All romantic literature is subjective. It is an expression of the inner urges of the artist.  The poet does not care for rules and regulations. But he gives free expression to his emotion. Emphasis is laid on inspiration and institution rather than on the observance of set rules. The poet writes according to his own fancy. He is often guilty of wild excesses. Hence it has been criticized as irregular and wild. Wordsworth's poetry is top to bottom subjective. He expresses his own philosophy of nature and childhood in "Tintern Abbey", "Immortality Ode" and "Michael". In "Immortality Ode", he said that a child is a mighty prophet and philosopher. But Keats is objective in his famous odes, "Ode on a Grecian Urn", "Ode to Autumn "or " Ode to a Nightingale"

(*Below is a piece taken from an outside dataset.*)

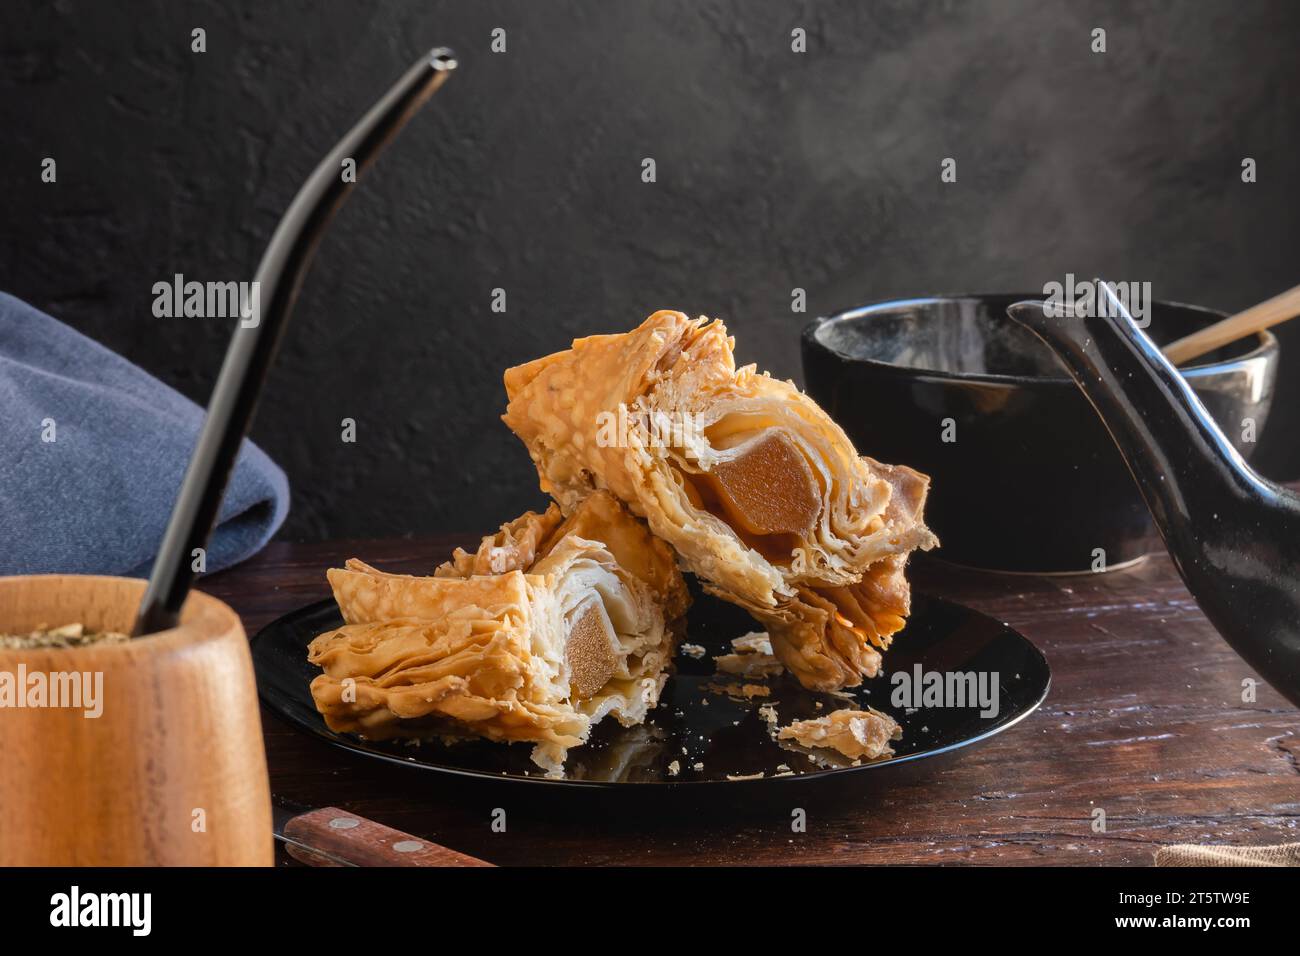 Pastelito argentino tagliato a metà dove è possibile vedere le caramelle di patate dolci all'interno. Foto Stock

Romantic poetry is often pessimistic in tone. A romantic may revolt against the existing conditions. He may have a special love for the medieval world or the Middle Ages.    His fascination for the remote and distant is unmistakable in his poetry. He wants to be delighted with the color, pomp, and magic of the past. He would like to escape from the sordid realities of the present. He may try to escape into an imaginative world of his own creation. Often he escapes into the past. Keats is a glaring example of it. He is often charged with his escapism. He wants to avoid the harsh realities of the real world and would like to fly to the fanciful world of the nightingale. The din and bustle of towns and cities also irritate Wordsworth. So he wants to take shelter in the lap of nature.

Romanticism is a revolt against all artificiality. It stands for simplicity in theme and treatment. The romantics treat the common man and language for their purpose. They discard the poetic style of 18th-century poets, Dryden, Pope, and others. They do not accept Heroic Couplet as the weapon of their poetry. They use the Spenserian Stanza, ballad meter, and blank verse. They abundantly write lyrics, odes, and sonnets. They follow the style of Chaucer, Spenser, and Milton who suffer an eclipse during the 18th century. Soon they attain wide popularity. Thus Wordsworth raised his voice against the inane and artificial diction of the 18th-century classic. He advocated the use of the language of the common man for composing poetry. He expressed his poetic theory in "preface to the  Lyrical Ballads" which is regarded as the manifesto of Romanticism.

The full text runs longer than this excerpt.